Drake shushed him and pointed towards the shadows
underneath the fishing bridge.
A lone figure staggered towards them.
Chad clenched the handle bar's rubber grips.
"We need to get to the Stop and Shop before it
does."
"Yeah," Chad said, and the two peddled as
hard as they could in the opposite direction of the approaching creature. Slow and awkward, the things took a while to
cover any real distance, but Chad knew they didn't have all night to shop. It wouldn't be long before it was pounding on
the shop's windows, hungry and relentless.
Two blocks later they skidded into the Stop and Shop's
parking lot.
Frozen in time for over four years, the rectangular
convenience store's broken neon cigarette signs dangled behind dark, cracked
windows. An overturned trash barrel
blocked the front entrance, Drakes solution to prevent intruders—living and
dead—from climbing through the front door's missing windowpane.
Dismounting, they leaned their bikes against a white
Chevy Malibu rusting at the gas pumps.

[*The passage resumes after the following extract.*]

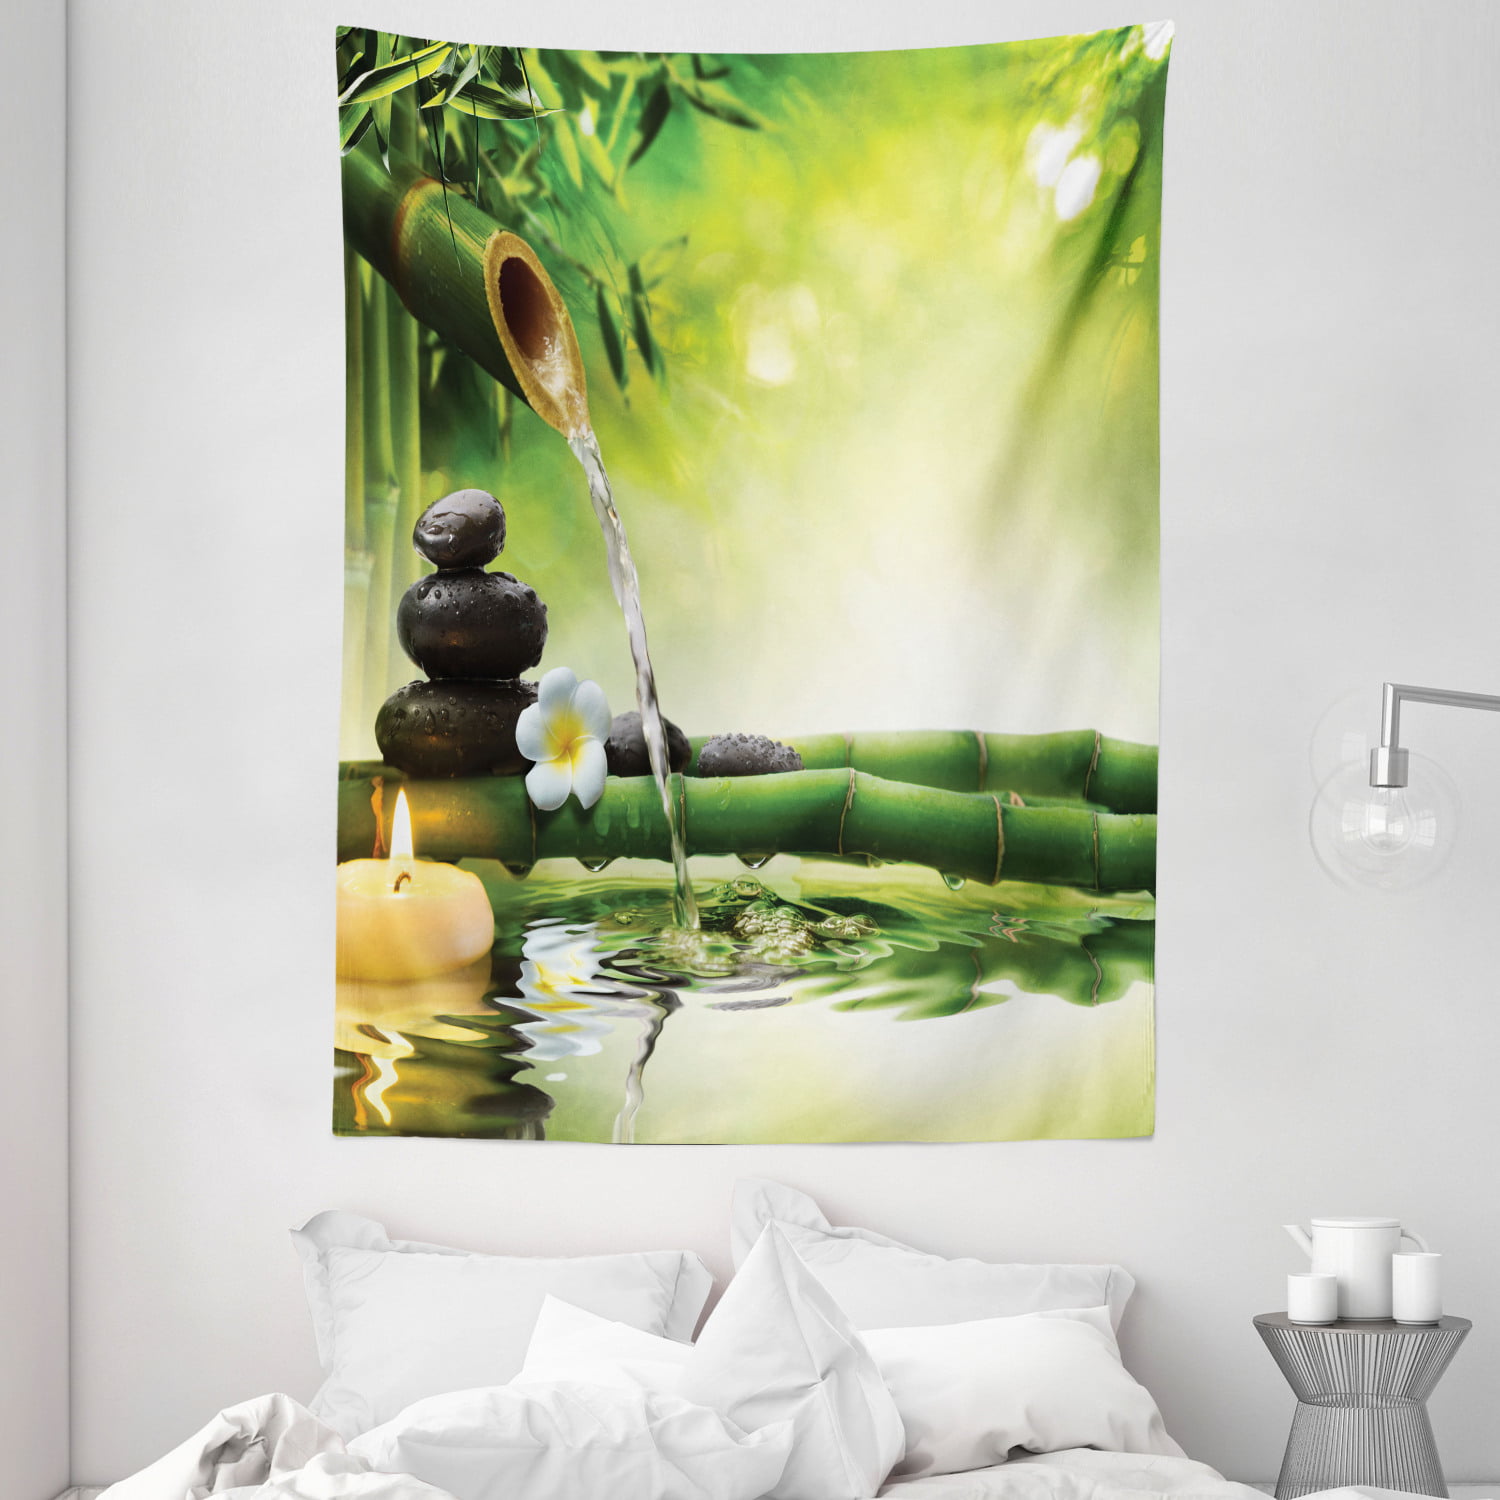 Spa Zen Stone Orchid Bamboo Tapestry Wall Hanging Living Room Bedroom Dorm Decor

The
first time the brothers raided the store, they found a skin mag in its glove box—Drake
won the issue after a three day game of Monopoly. They huddled against the car, panting.
"What are we going to do now?" Chad asked,
catching his breath.
"I don't know, man," Drake said.
Not visible from the road but parked next to the
building, a beat up truck waited, motor idling.